Since the movie completely ignores the emotional structure of the novel, Wright resorts to depicting Karenina and Vronsky in compromising situations. The result is a series of rhapsodic idealized sex scenes. While the characters come together due to passion, the relationship is not just about carnal relations. Over focus on this part of the relationship dynamic undercuts the tragedy of their actions. The movie would have been a thousand times better if it focused on the disintegration of the relationship and Karenina’s moral depravity. Cutting out these elements means the relationship is portrayed as some kind of legendary romance. The only part of the novel that is accurately portrayed is Levin’s relationship with his estate and Kitty. But Wright spends so much time creating a yearning romance, that Levin’s storyline is underdeveloped.

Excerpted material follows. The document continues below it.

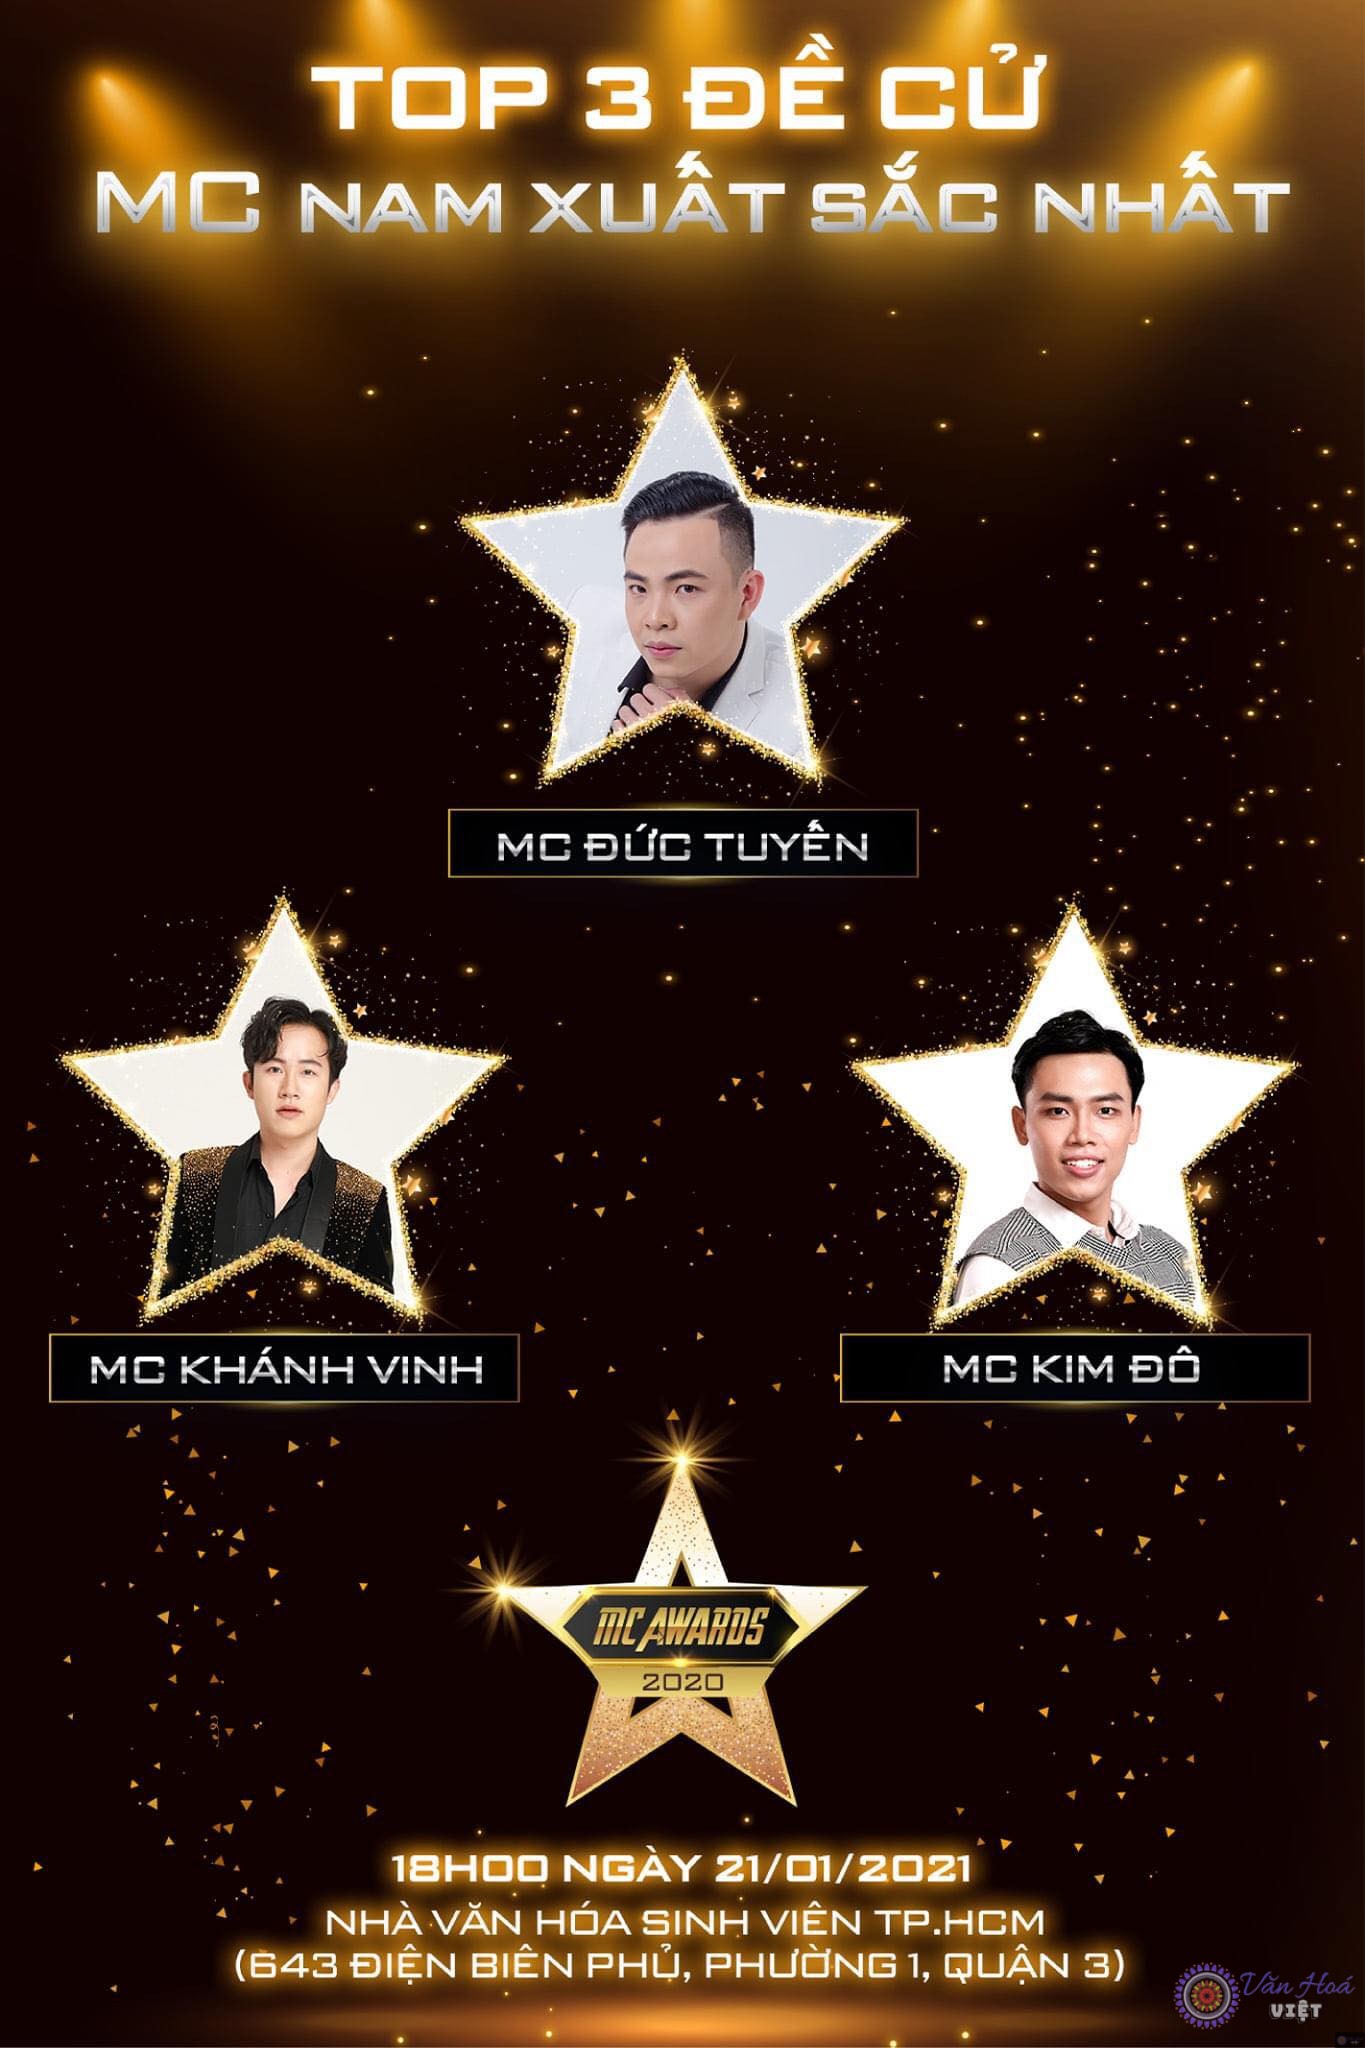 Khánh Vinh đã lọt vào vị trí Top 3 đề cử MC Nam xuất sắc nhất tại MC AWARDS 2020. Chương trình sẽ diễn ra vào ngày 21/01/2021 sắp tới. Hãy cùng chúng tôi chờ đón kết quả của người xứng đáng nhất

If Wright wanted to turn Anna Karenina into a romance, he should have focused on Levin and Kitty. The evolution of their relationship in the novel would make an excellent film. As it stands, Wright created an extremely stylized adaption of Tolstoy’s novel. This is not a faithful version, it merely masquerades as Tolstoy’s narrative by borrowing elements from the novel. Instead, it comes across as the back-cover synopsis of the novel. It is just too idealistic and romantic. And Anna Karenina is not a love story, it is a warning about believing the mythological cult of love. Read the book.